Instead, we can add the ampersand & at the end of any command line or after a line in a bash script to run that process in the background. A background process runs just like a foreground process. The difference is with bash itself: instead of waiting for the process to finish, bash instead lets the process go on in the background and immediately gives you a new prompt.

This is our first foray into multiprocessing, where we can get the computer to do multiple things at the same time.
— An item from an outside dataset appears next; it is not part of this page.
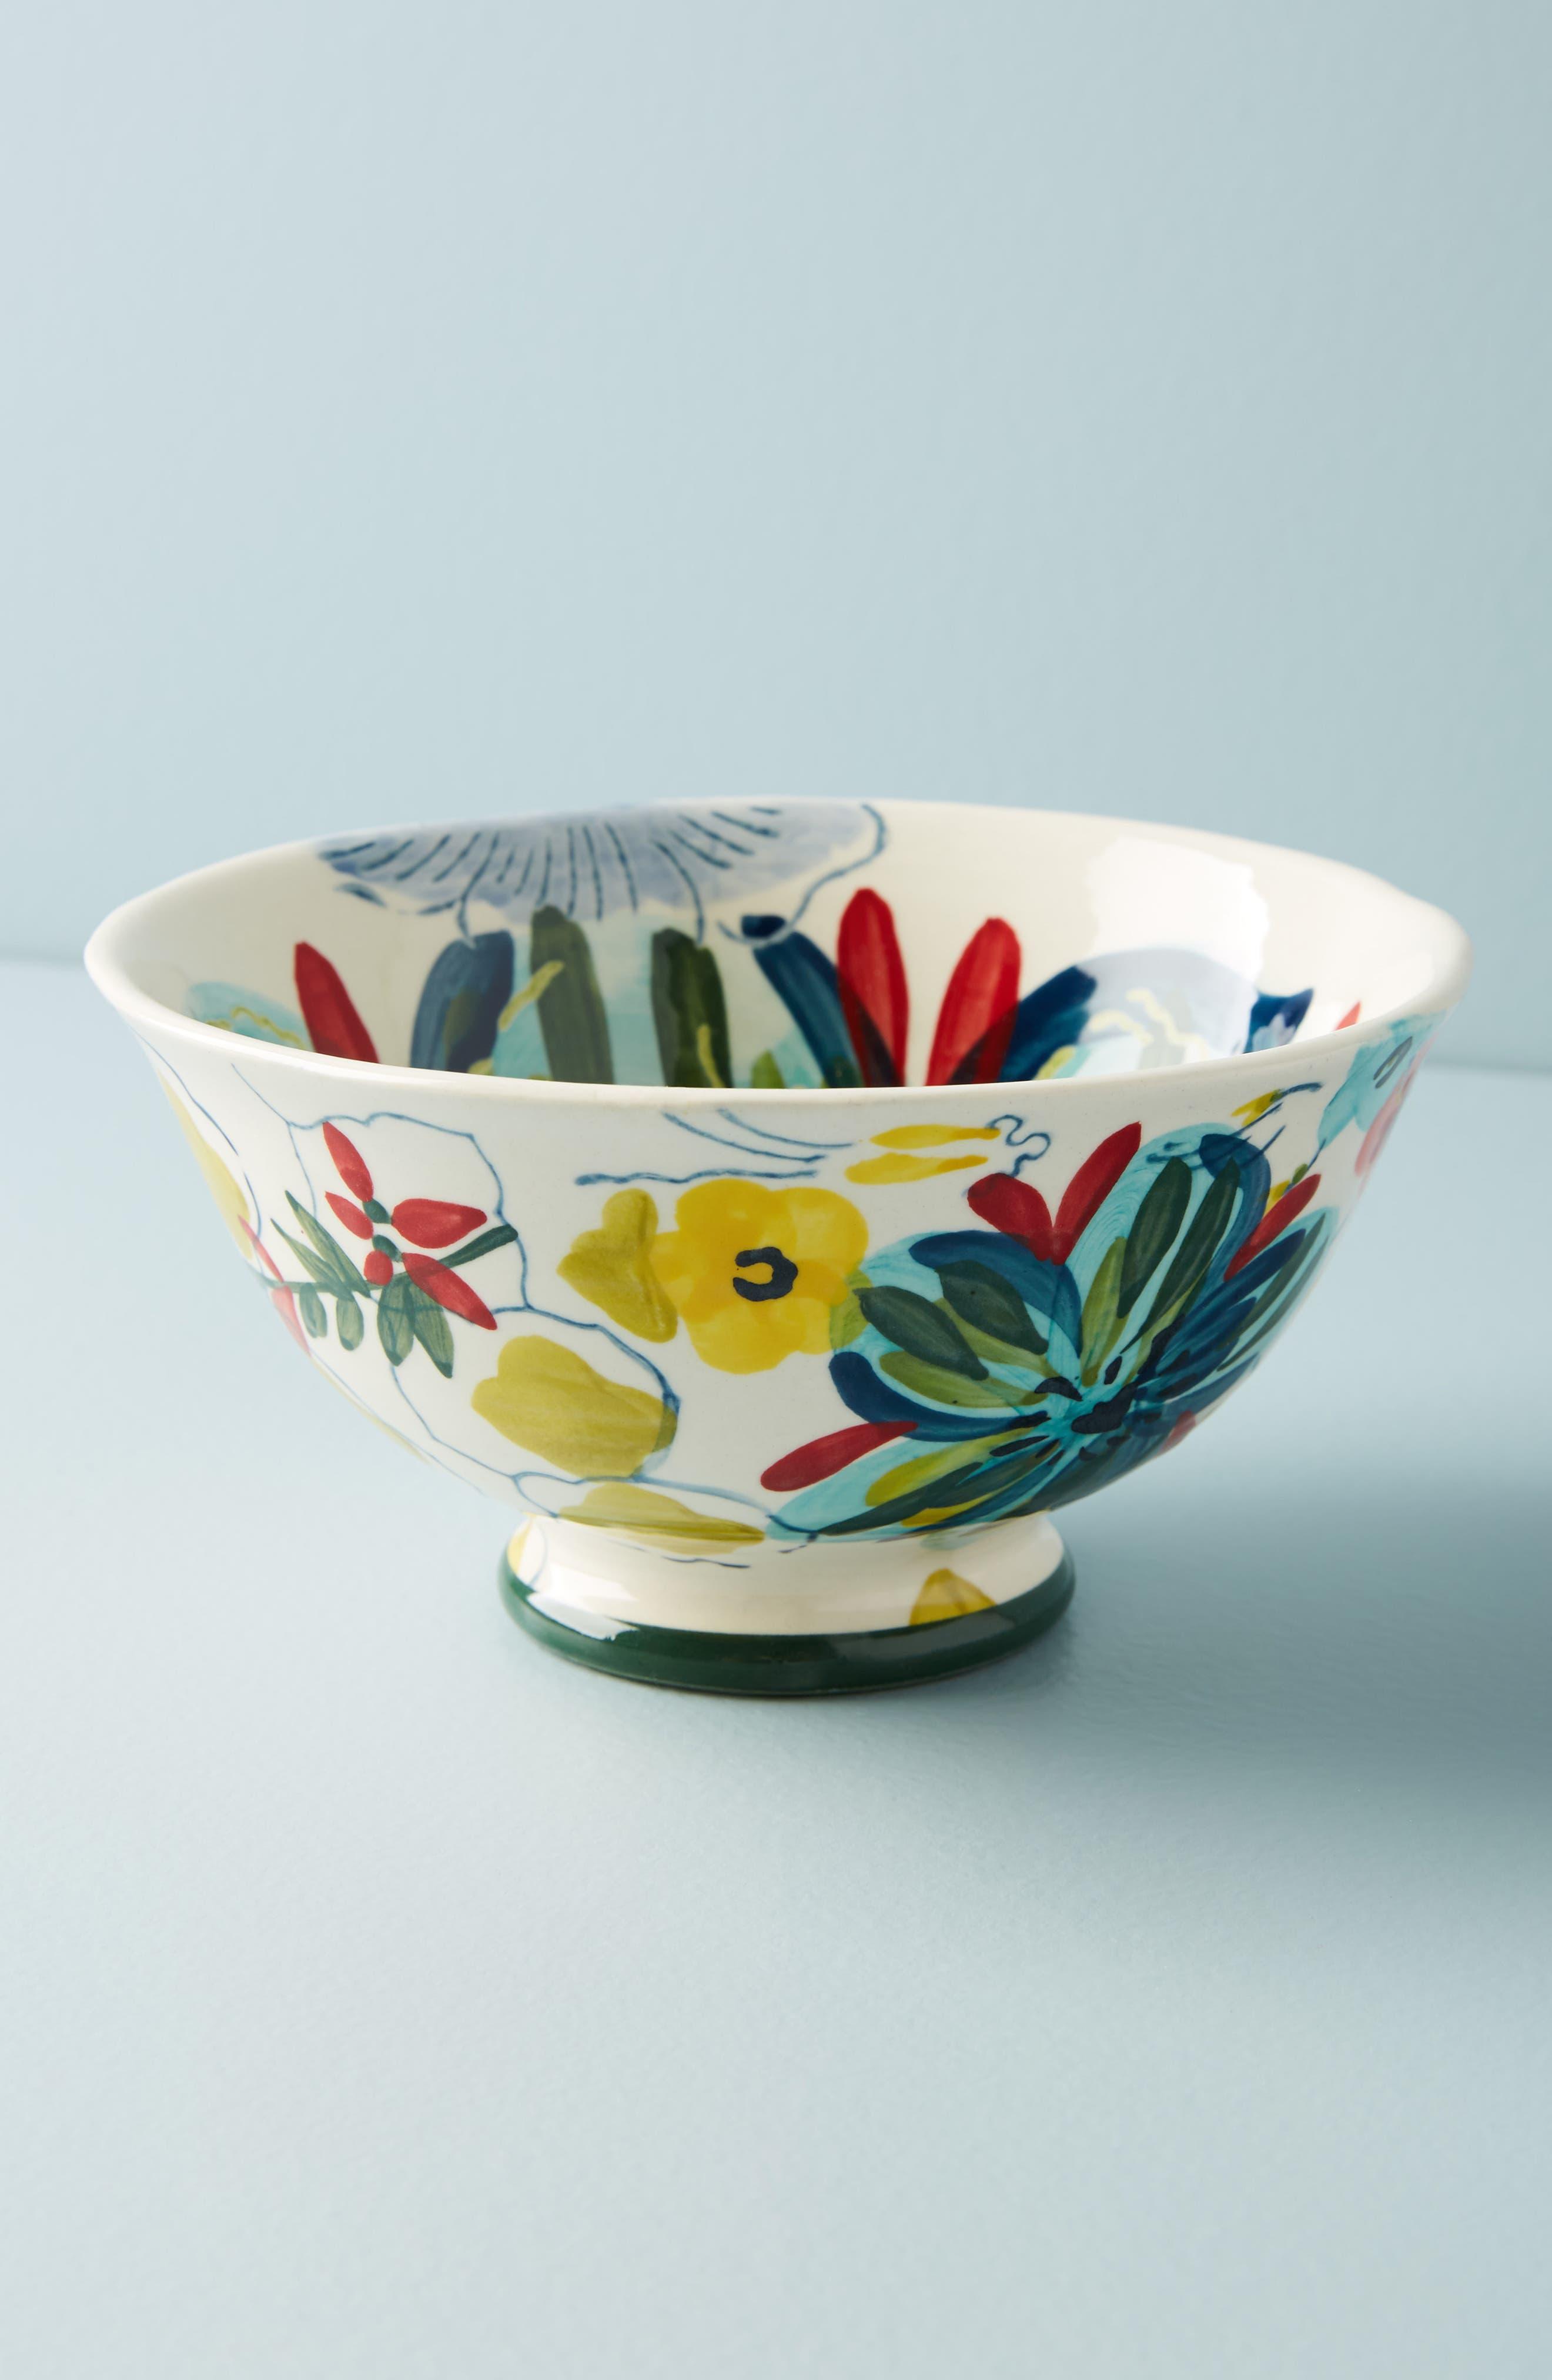 Sissinghurst Castle Stoneware Cereal Bowl,                         Main,                         color, Navy Multi

When you execute a program in the background in bash (with the &), you can then immediately start another process in the background, and another, etc.

The special command wait will pause the current bash terminal or bash script until all background commands are finished.

3.3 Signals (killing)

Normally, each of the many processes running at a given time are blissfully unaware of the hundreds of other processes that are also competing for limited hardware resources. The operating system partitions memory and schedules the CPU and I/O devices so that each process gets what they need without interference.
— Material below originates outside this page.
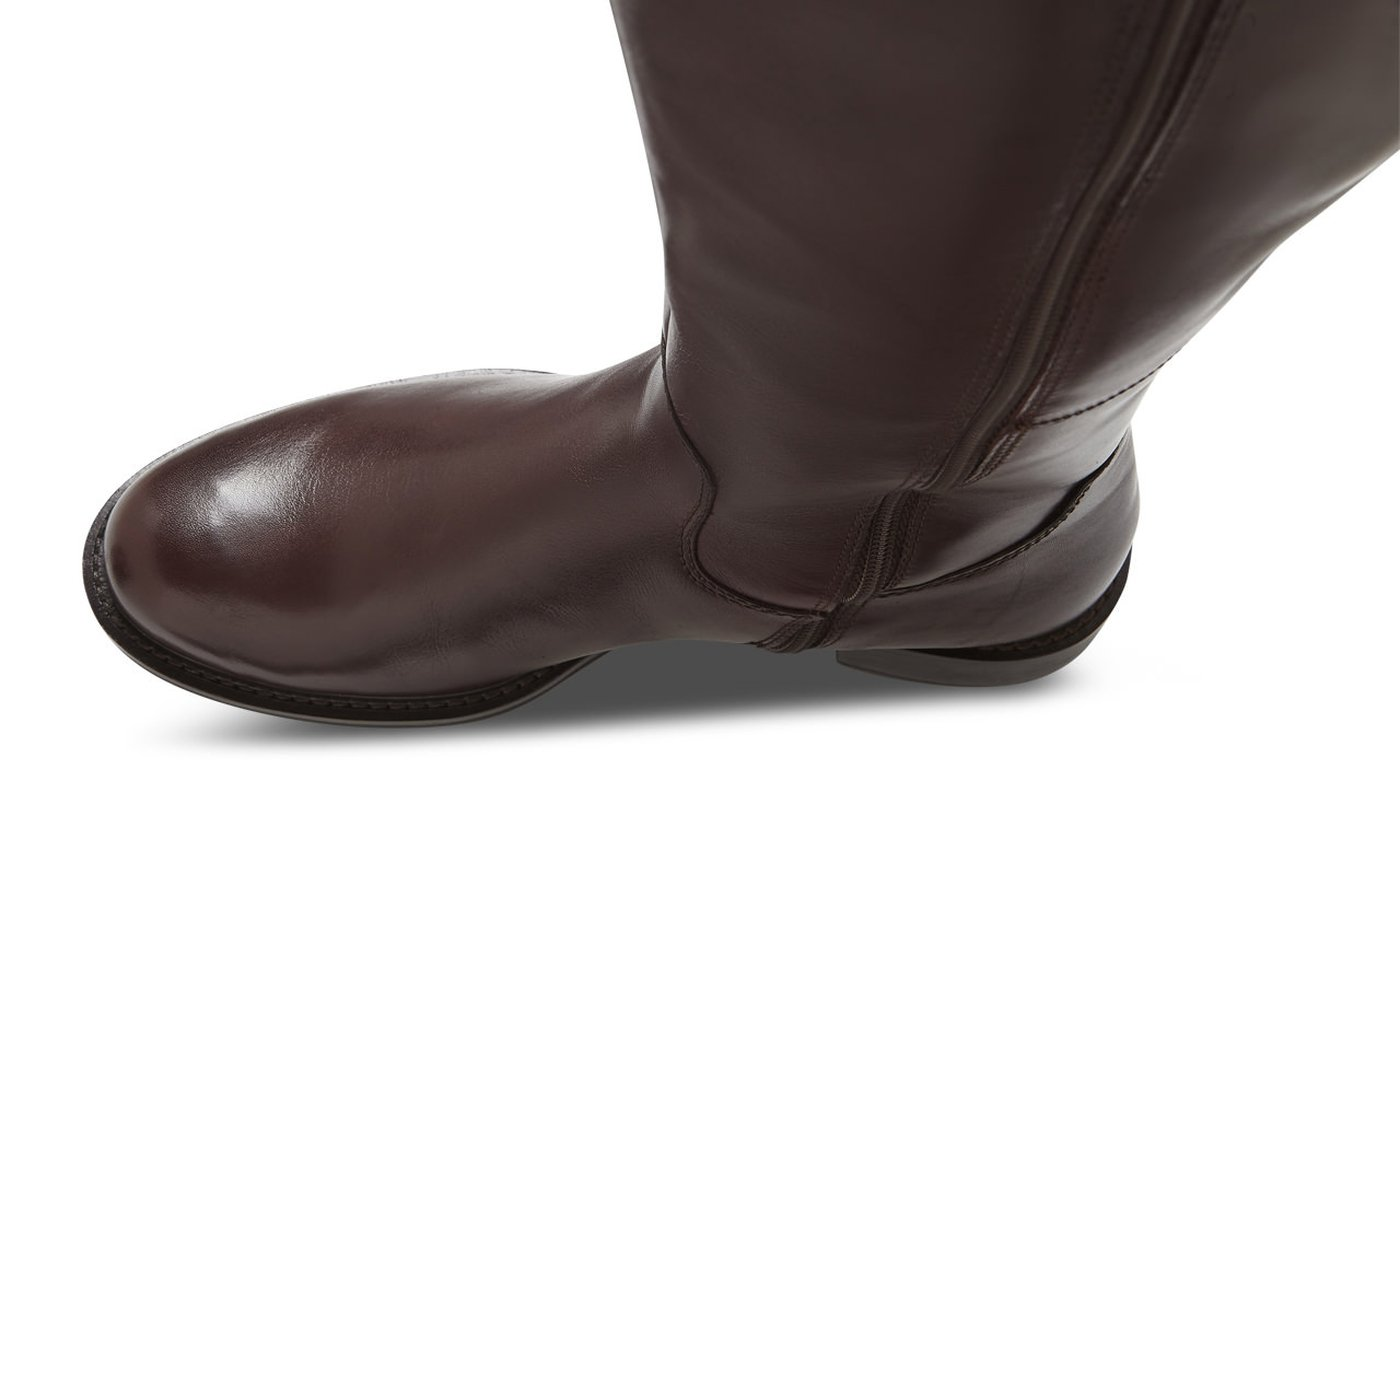 ECCO SHAPE Riding Boot 25mm

But of course sometimes we need to communicate between processes! One way to do this which we have already seen is a bash pipeline, where the output stream of one processes is hooked into the input stream of another one.

In Linux, signals are used to “interrupt” a process, usually triggered by another process or by the OS. There are only a small number of possible signals, with specific meanings, and each with a numeric code. You can type man 7 signal to learn about all of them.

For us, there are two signals we should know about:

SIGINT (2): “Interrupt” a process. This is the signal that gets sent when you type Ctrl-C while a process is running.
SIGTERM (15): Nicely ask to terminate a process. This is the default signal sent with the kill command.
SIGKILL (9): Forcibly terminate (“kill”) a process

The first signal SIGINT (Ctrl-C) can be ignored by a program if it wants to. For example, if you type Ctrl-C from the bash terminal without any program currently running, bash just ignores it and gives you another prompt.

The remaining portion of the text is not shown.